8.Yetenek: Lider yetenekli olmalıdır. Ne yaptığınızı bilmelisiniz. Daha da önemlisi, etrafınızı ne yaptıklarını bilen insanlarla doldurmalısınız. Başkanımız (Bay Bush) yüksek lisanslı (MBA) olmakla övünüyor. Bu onu yetenekli yapar mı ? Tarihin en büyük bütçe açığı için, Sosyal Güvenlik Sistemi yaşam ünitesine bağlandığı için, savaşın maliyeti yarım trilyon dolara çıktığı için MBA li başkana teşekkür etmek gerekir (C8: Competent > MC: Yazar alaycı tavrıyla yetenek işini eğitim yolculuğundan soyutlamaktadır. Haklıdır da. Bugün bize baktığımda eskisinin imamlık deneyimine dayalı iş bitiriciliğinin yanında yeninin hocalığı (balondaki profesör benzeri) tıpkı yazarın tanımladığı durumun haklılığını gösteriyor. İnşallah bizimkinin bu görünen liderlik öğeleri çözüm sürecinin sonraki aşamalarında iyi niyetle işe yarar. Yoksa sarayın çok sayıdaki kapısı kaçmalarına yetmeyecektir. LIST (Libya Irak Suriye Türkiye)’e bakarsak “KESE (Kaddafi Esad Saddam Erdoğan)” nin ilk üçünün hali ortada. Ne Saddam, ne Kaddafi’nin kaçacak yeri olmadı. Umarım tarih tekerrür etmez. Yoksa halimiz harap. Allah hepimizi korusun).
9.Sağduyu: Sahibi değilseniz sizden lider olmaz (C9:Common Sense > MC: Bu konuda fazla lafa gerek yok. Her şey ortada. Bizimkilerin de eksik olduğu konu bence bu ki acı çekeni tekmeletmek bile var fıtratlarında. Biraz sağduyulu olsalardı bugün pek çok acıyı yaşamayabilirdik. Aslında böylesi açık, net olan olgularda arayışlarımız sağduyuya gelmeden aklın yolu birken “akıl tutulması” yaşamak kahrediyor beni).

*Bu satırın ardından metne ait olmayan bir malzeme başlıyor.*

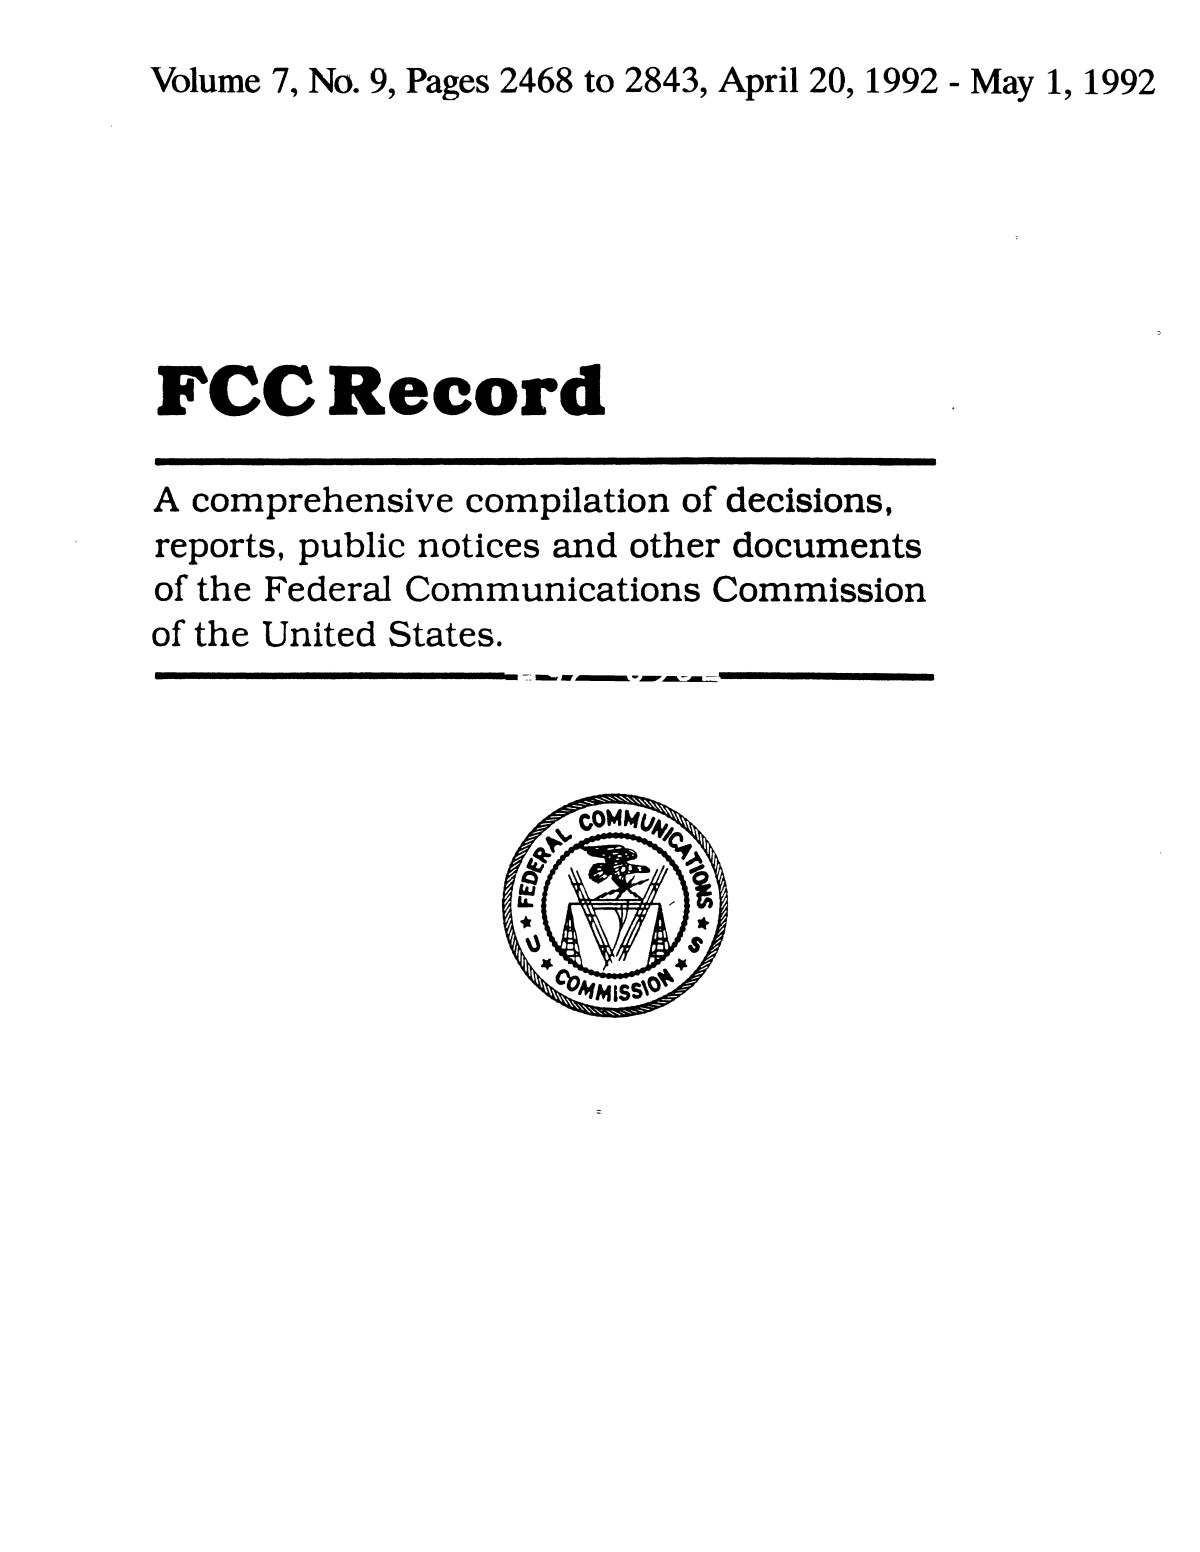 FCC Record, Volume 7, No. 9, Pages 2468 to 2843, April 20 - May 1, 1992
                                                
                                                    Front Cover

Etrafımıza baktığımızda sormamız gereken “Bütün o liderler nereye gittiler ?“Meraklı ve yaratıcı iletişimciler nereye gittiler ? Ahlaklı, cesaretli, inançlı, yetenekli ve sağduyulu insanlar neredeler ? Havaalanlarımızda ayakkabılarımızı çıkartmak ve şampuanlarımızı attırmak dışında yurdunun güvenliği için daha iyi fikirleri olan liderler neredeler ? Bu soruları sorduğum anda Atatürk’ün yolundan sapan ve ülkeyi ya iç savaşa ya da parçalanmaya götüren çözüm sürecinin mimarı olan lider(ler!!!) belki de Bay Lee’nin sözünü ettiği türdendir ve benim gözlerim bugün bu oluşumu görememektedir. Bu kavga sadece bugünün ürünü müdür ? Doksan yıldır güncel celalilerin benzer isyanları nasıl bastırıldı ? Hâla suçlanmıyor muyuz ? Soykırım sözlerini dile düşürecek şeyler yapılırken bugünün çözümleri akla hiç mi düşmemişti ? O gün yapılanların bugüne yansıması değil midir bugün yadırgadığımız çözüm süreci (!) tüm karşı çıkışlara rağmen ısrarla sürdürülmektedir. Ben de “Akıl tutulması” yaşıyorum ve doğruları ayırt etmekte zorlanıyorum.
Yeni yılın ilk günlerinin 2015 için müjdeli sonuçların habercisi olması dileğimle nice ayaz soğukların karla aydınlanmış yollarda sağlık ve esenlikler getirmesi dileklerimle.